What I have tried so far:
- I noticed that I can write $\|x\|^{22}=\left( \|x\|^{11}\right) ^2$ so I can use identity $(a^2-b^2)=(a+b)(a-b)$.
- I tried to add and subtract same terms.
- Triangle inequality literally in every phase but I never got anything useful there.
I am quite certain that there is a very simple solution for this so any hints are much appreciated!
Apologies for misleading you.
Here is one solution that uses the mean value theorem.

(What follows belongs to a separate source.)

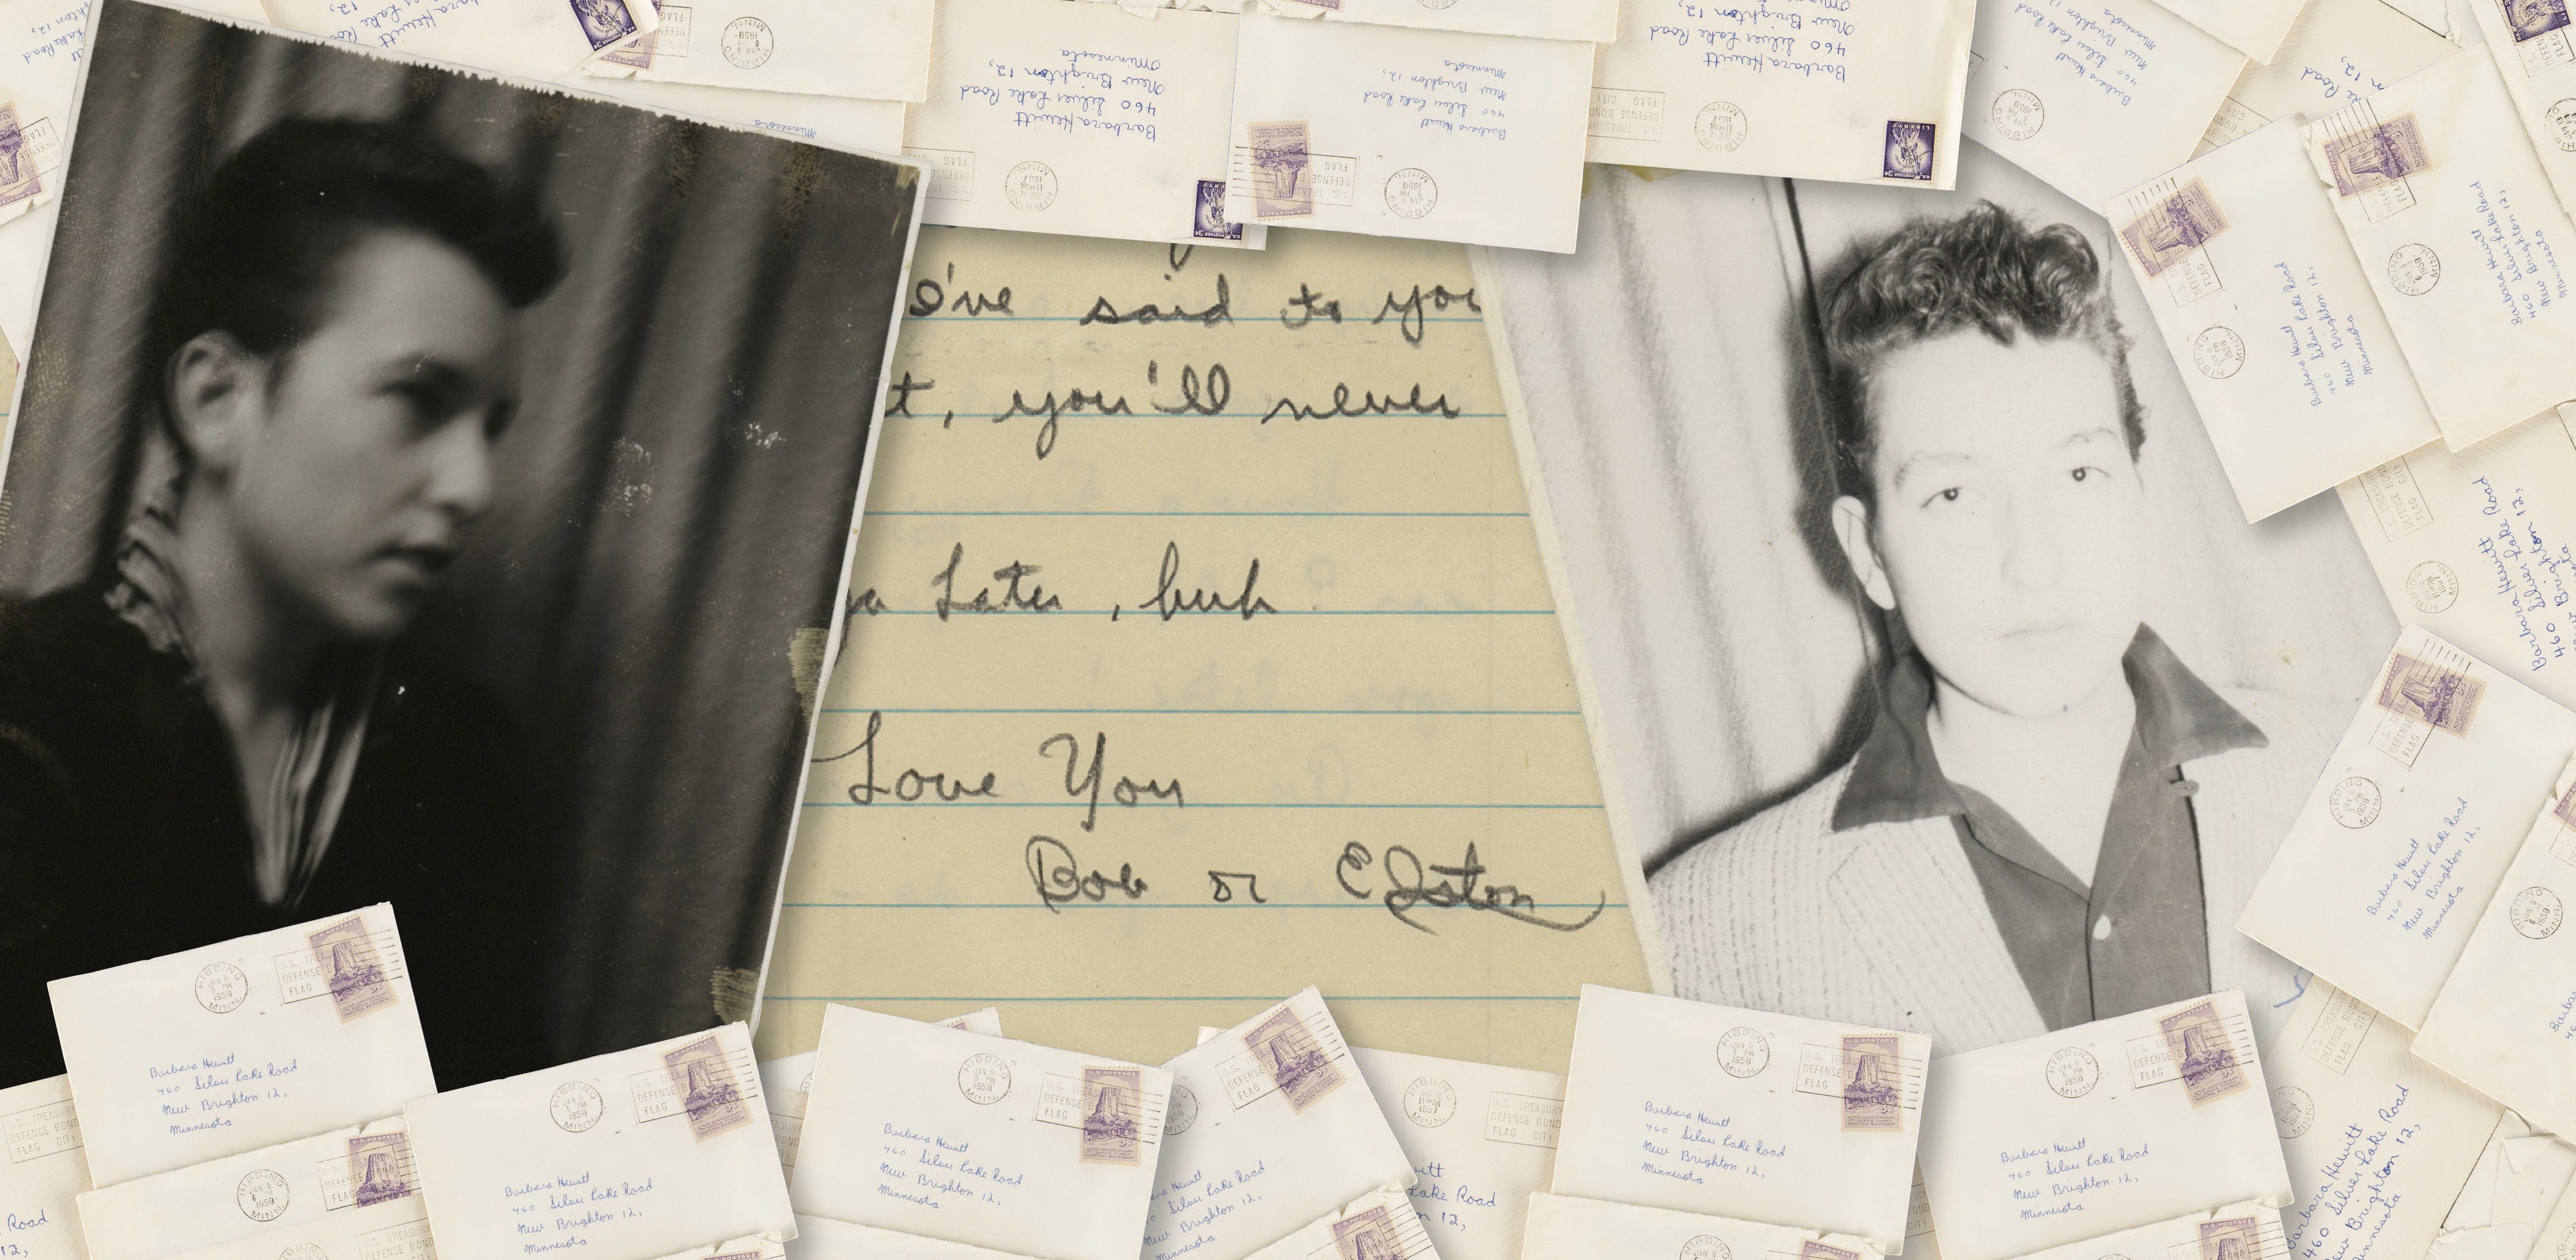 Collection of Love Letters Written by Bob Dylan Sold for $670,000

Let $\phi(t) = 11 t^{22}$. Suppose $t_1,t_2 \in [0,T]$, then since $\phi'(t) = 242 \ t^{21}$ we have $|\phi(t_1)-\phi(t_2)| \le 242\ T^{21}|t_1-t_2|$.
Note that $| \|x\| - \|y\| | \le \|x-y\|$.
Pick $x_0$. We can assume that $\delta \le 1$ to start, and so we know $\|x\| \le \|x_0\| + \|x-x_0\| < \|x_0\| +1$.
Now let $\delta = \min(1, {\epsilon \over 242 (\|x_0\|+1)^{21} } ) $.
Then \begin{eqnarray} | 11 \|x\|^{22}-11 \|x_0\|^{22} | &=& |\phi(\|x\|) - \phi(\|x_0\|)| \\ &\le& 242 (\|x_0\|+1)^{21} | \|x\|-\|x_0\|| \\ &\le& 242 (\|x_0\|+1)^{21} \|x-x_0\| \end{eqnarray} and with the chosen $\delta$ we see that if $\|x-x_0\| < \delta$ then $| 11 \|x\|^{22}-11 \|x_0\|^{22} | < \epsilon$.